BRIEF DESCRIPTION OF THE DRAWINGS
[0018] The above and other objects, features and advantages of the present invention will
become apparent from the following description of preferred embodiments given in conjunction
with the accompanying drawings, in which:
FIG. 1 is a fluid pressure circuit diagram showing a boom-holding control device employed
in a prior art excavator;
FIG. 2 is a fluid pressure circuit diagram showing one embodiment of a boom-holding
control device in accordance with the present invention;
FIG. 3 is a fluid pressure circuit diagram showing another embodiment of a boom-holding
control device in accordance with the present invention; and
FIG. 4 is a fluid pressure circuit diagram showing a further embodiment of a boom-holding
control device in accordance with the present invention.
DETAILED DESCRIPTION OF THE INVENTION
[0019] Now, preferred embodiments of a boom-holding control device in accordance with the
present invention will be described in detail with reference to the accompanying drawings.
[0020] FIG. 2 is a fluid pressure circuit diagram showing one embodiment of a boom-holding
control device in accordance with the present invention, which is applied to a wheel-type
hydraulic excavator.
[0021] The boom-holding control device according to this embodiment comprises a main fluid
pump P and an auxiliary pump P2, each generating hydraulic flow for actuation of various
hydraulic actuators. The hydraulic flow discharged from the main fluid pump P 1 is
supplied to a boom cylinder 13 and a travel motor (not shown) under the control of
a boom control spool 11 and a travel control spool 12 incorporated in a control valve
10. The boom control spool 11 of the control valve 10 is position-controlled by pilot
signal pressures (P
up, P
dn) issuing from a remote control valve 20, whereas the travel control spool 12 of the
control valve 10 is position-controlled by travel signal pressures (P
tr, P
tl) issuing from a travel selection valve 32.

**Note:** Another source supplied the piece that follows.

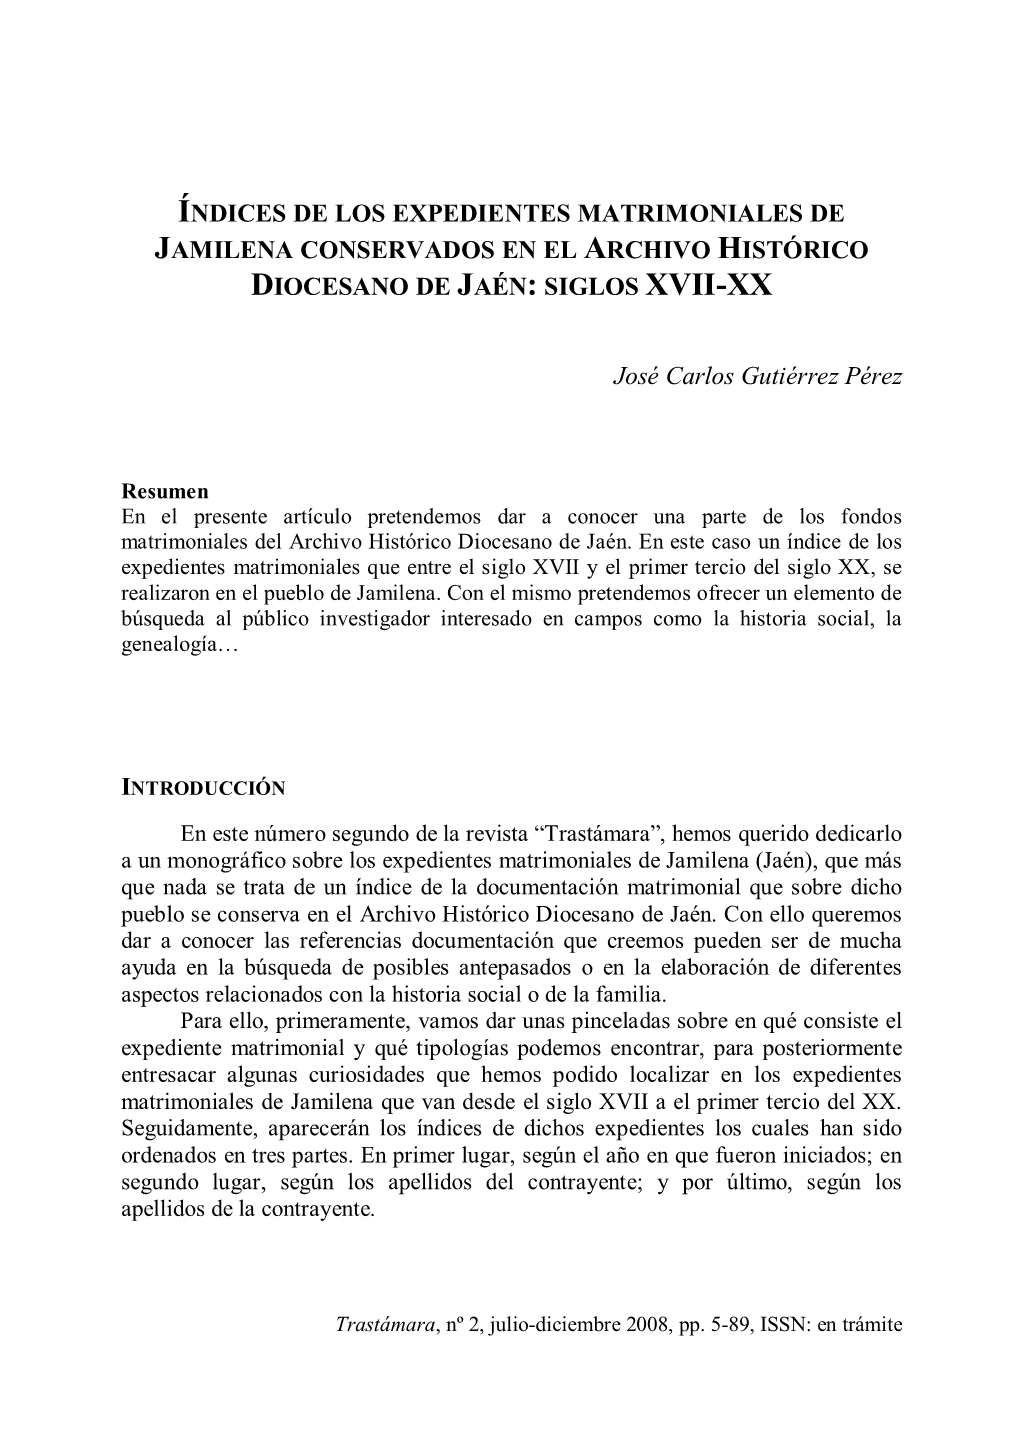 Índices De Los Expedientes Matrimoniales De Jamilena Conservados En El Archivo Histórico Diocesano De Jaén: Siglos Xvii-Xx

[0022] If the boom-up pilot signal pressure (P
up) generated in the remote control valve 20 is exerted on one pressure receiving part
of the boom control spool 11, the boom control spool 11 is shifted to the right in
FIG. 2, thus allowing the hydraulic flow of the main fluid pump P1 to be supplied
to the piston-side chamber 13a of the boom cylinder 13 to thereby raise up the boom.
On the other hand, if the boom-down pilot signal pressure (P
dn) generated in the remote control valve 20 is exerted on the other pressure receiving
part of the boom control spool 11, the boom control spool 11 is shifted to the left
in FIG. 2, thus permitting the hydraulic flow of the main fluid pump P1 to be supplied
to the rod-side chamber 13b of the boom cylinder 13 to thereby lower down the boom.
[0023] A boom-holding valve 15 is provided on the fluid pressure line 14 that interconnects
the boom control spool 11 and the piston-side chamber 13a of the boom cylinder 13.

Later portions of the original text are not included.